METHOD ONE: (Polycon Fitting Guide)
1. Sph-Cyl OR over SPE Dx lens
2. Add sphere to both meridians
3. If O.R. Axis is within 15 degrees of flat meridian of Dx lens, add cyl to steep meridian, if O.R. Axis is within 15 degrees of steep meridian of Dx lens, add cyl to flat meridian.
Example Fifteen:
1. Dx Lens = 8.04/7.50 (pl) (-3.00)
Flat Mer. = Axis 010
2. O.R. = -2.00 -1.25 x 180
Add -2.00 to both meridians = -2.00/-5.00
3. Add cyl to steep meridian -1.25 + -5.00 = -6.25
Final Order: 8.04/7.50 (-2.00)(-6.25)
Example Sixteen:
1. Dx Lens = 8.04 x 7.50 (pl) (-3.00)
2. OR = -2.00 -1.25 x 090
3. Add Sphere to both meridians -2.00/-5.00
4. Add cyl to flat meridian -2.00 +(-) 1.25 = -3.25
Final Order: 8.04/7.50 (-3.25)(-5.00)
METHOD TWO: (Silbert) - If axes are at or near the principal corneal meridians, add appropriate power in refraction to air power of corresponding meridian in the diagnostic lens, and order.

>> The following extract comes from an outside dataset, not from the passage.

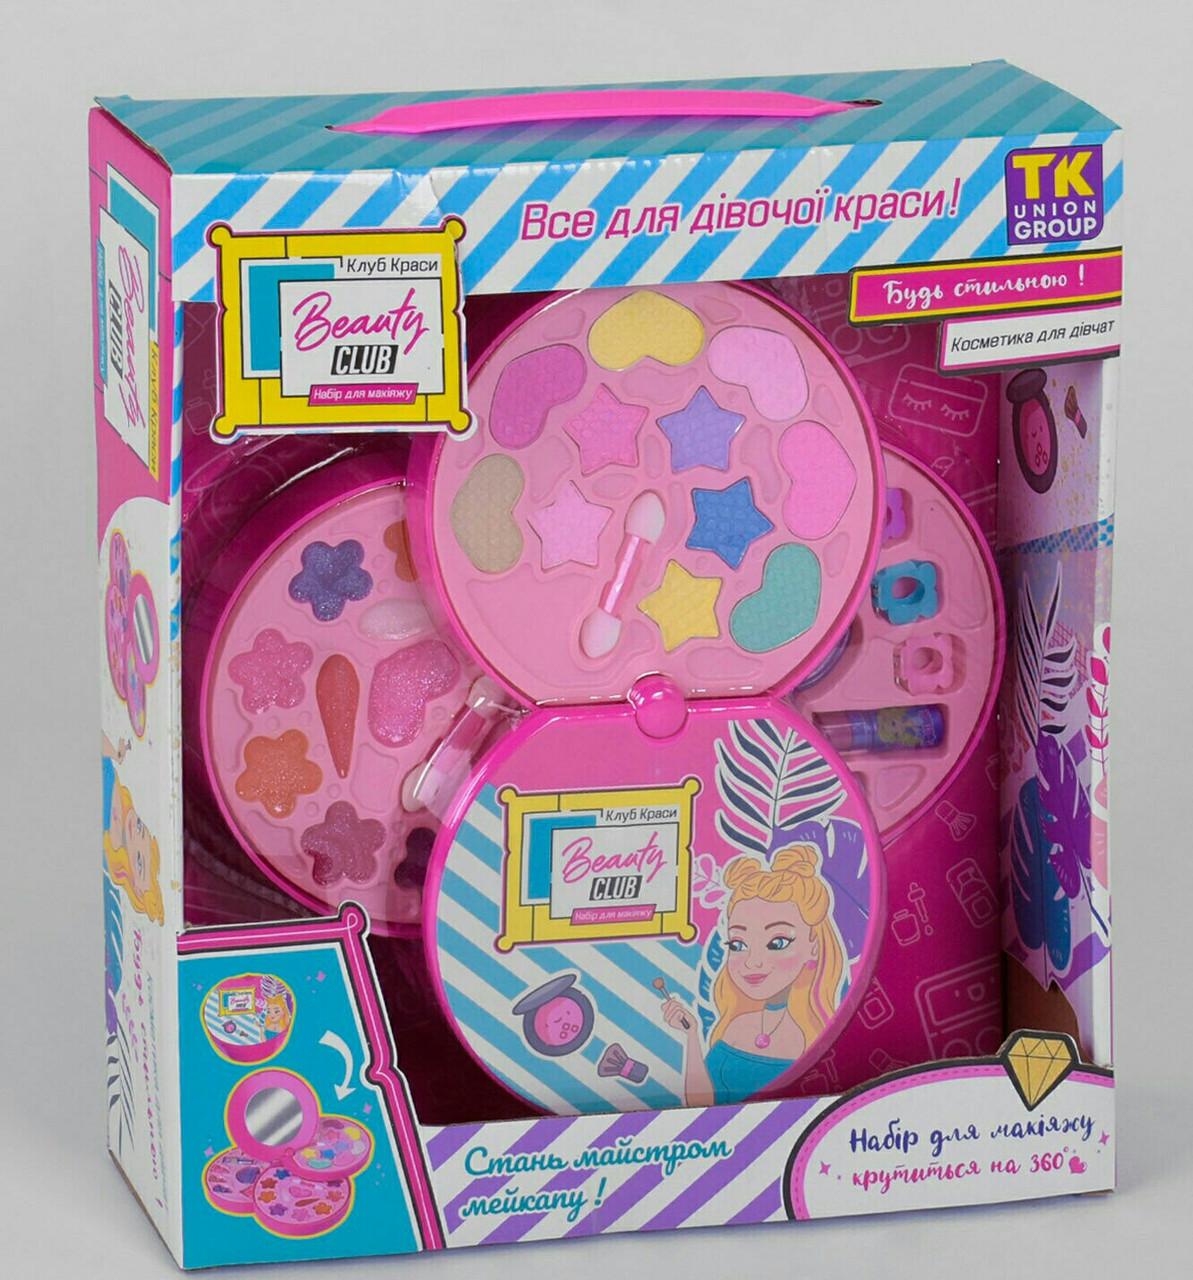 Детский набор косметики, тени, лаки, помада - набор косметики для девочек

Example Seventeen: Dx SPE = 42/45 (pl)(-3.00)
O.R. = -1.00 -1.25 x 180
Add -1.00 to 180 Meridian and -2.25 to 090 Meridian
Final Order: 42/45 (1.00)(-5.25)
POOR CANDIDATE: A difference of 15 degrees or more between corneal cyl axis and spectacle axis.
Examples:
1. Typical Fit (7.6 x 8.0mm BCR)
2. Too Steep
3. Not Enough Back Surface Toricity
4. Too Much Back Surface Toricity
Verification
1. Radiuscope: rotate until 2 principal meridians
are at 90 and 180 then record base curves.
2. With red grease pencil, lens edges are marked along one of the two
meridians, indicating whether this is flatter or steeper meridian.
3. The lens is turned over and a line is drawn, connecting the 2 edge marks.
4. The lens is oriented on the lensometer and the 2 powers read.
5. This is differentiated from a warped lens which will be spherical.